Q: What other measures has Ixquick taken to protect my Privacy? Contrary to other search engines Ixquick uses the so-called POST method (instead of the GET method) to keep your search terms out of the logs of webmasters of sites that you reach from our results. Search terms tell a lot about what you are thinking, which is why this is a privacy issue. With the POST method Ixquick uses, your search terms are stripped off.

See: http://www.ixquick.com/uk/protect-privacy-qa.html for further details.

I would like to personally thank you for reporting this behaviour - even though it was a false positive it is critical not just to our principles and model but also for our certification, that we address these issues to keep IXQuick the world's most private search engine.

Also my thanks to the board admin for accommodating our response on his forum.

Regards,

IXQuick.

[Giorgio Maone]

The server jump is by design and is for load balancing/routing purposes.

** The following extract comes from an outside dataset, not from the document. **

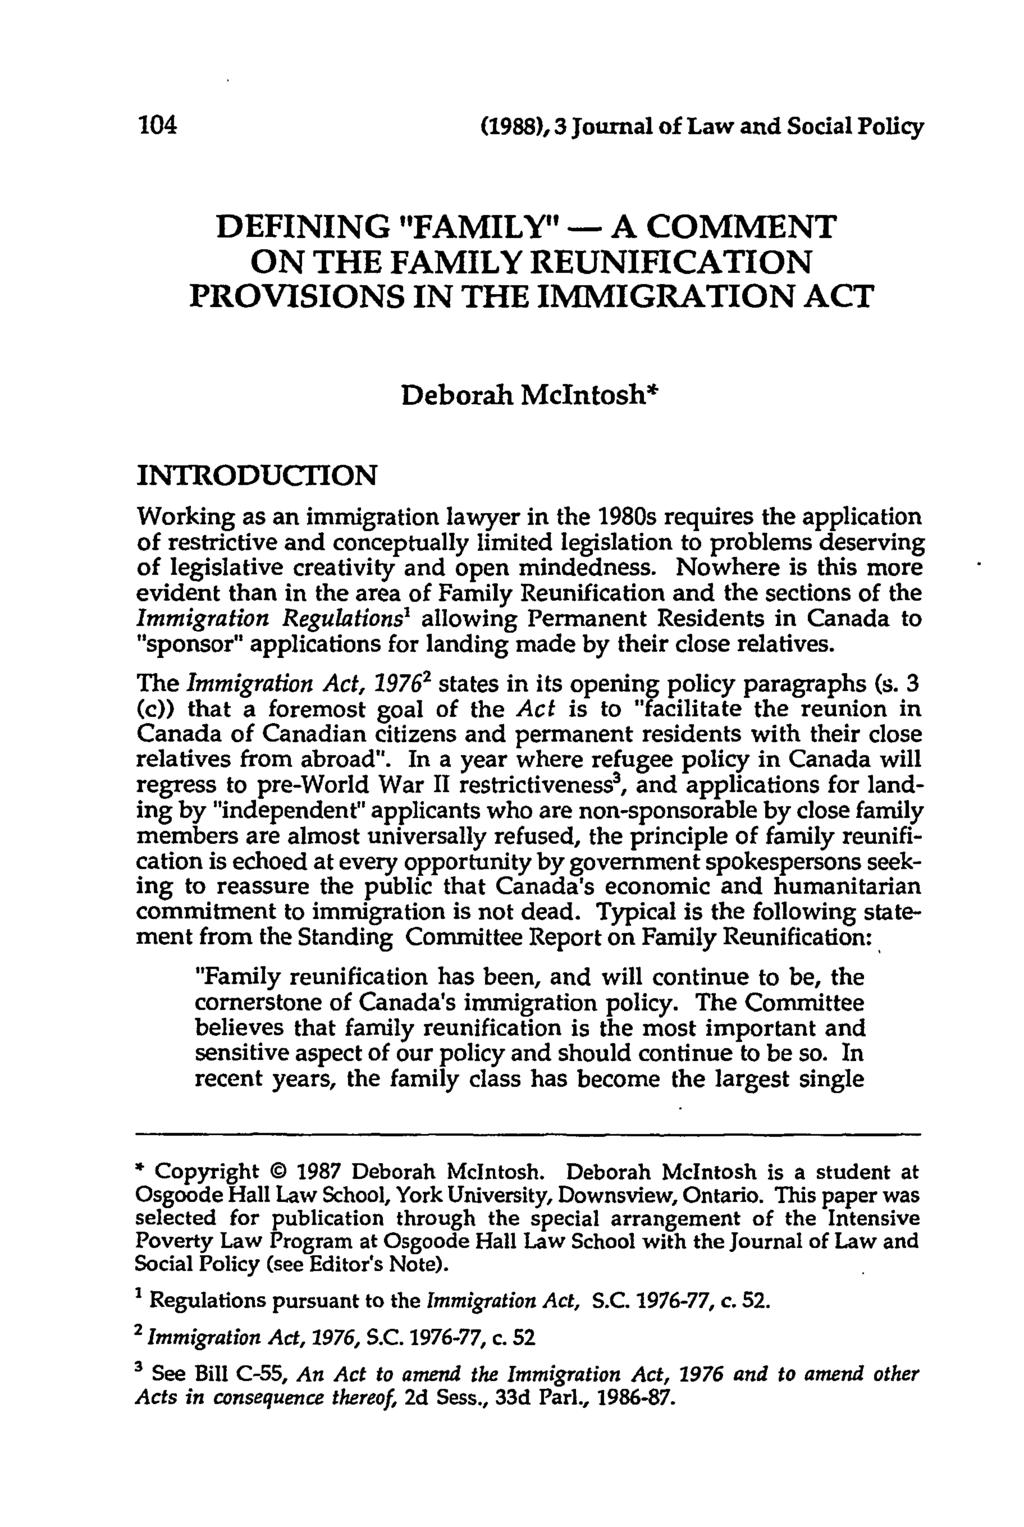 (1988), 3 Journal of Law and Social Policy DEFINING "FAMILY" - A COMMENT ON THE FAMILY REUNIFICATION PROVISIONS IN THE IMMIGRATION ACT Deborah McIntosh* INTRODUCTION Working as an immigration lawyer

You may want to either consider using a DNS-based mechanism, rotating IPs on the same domain, or balancing directly the home page rather than the second query, much like Google does with its regional domains (Google, actually, adopts both the strategies).

I note however that NoScript converted the query into a GET request - I would like to point out that IXQuick using POST instead of GET is by design to prevent search terms appearing in web logs - it is an additional privacy mechanism

Please notice that using POST for requests which is not meant to modify the addressed resource is a violation of the HTTP semantics.
There are better ways to remove the referrer URL for privacy: GMail, for instance, uses a META refresh for any outbound link.

On any modern browser supporting data: URIs (i.e. every browser except IE), you can easily accomplish this even without scripting:

Code: Select all

<a href="http://www.example.com">example</a>

should become

Code: Select all

<a href="data:text/html,<meta http-equiv=refresh content=0;URL=http://www.example.com>">example</a>

At any rate, if your users have the base domain ixquick.com in their whitelist, POST request shouldn't trigger XSS warnings and be turned into GET requests unless they actually contain JavaScript or potentially dangerous HTML fragments.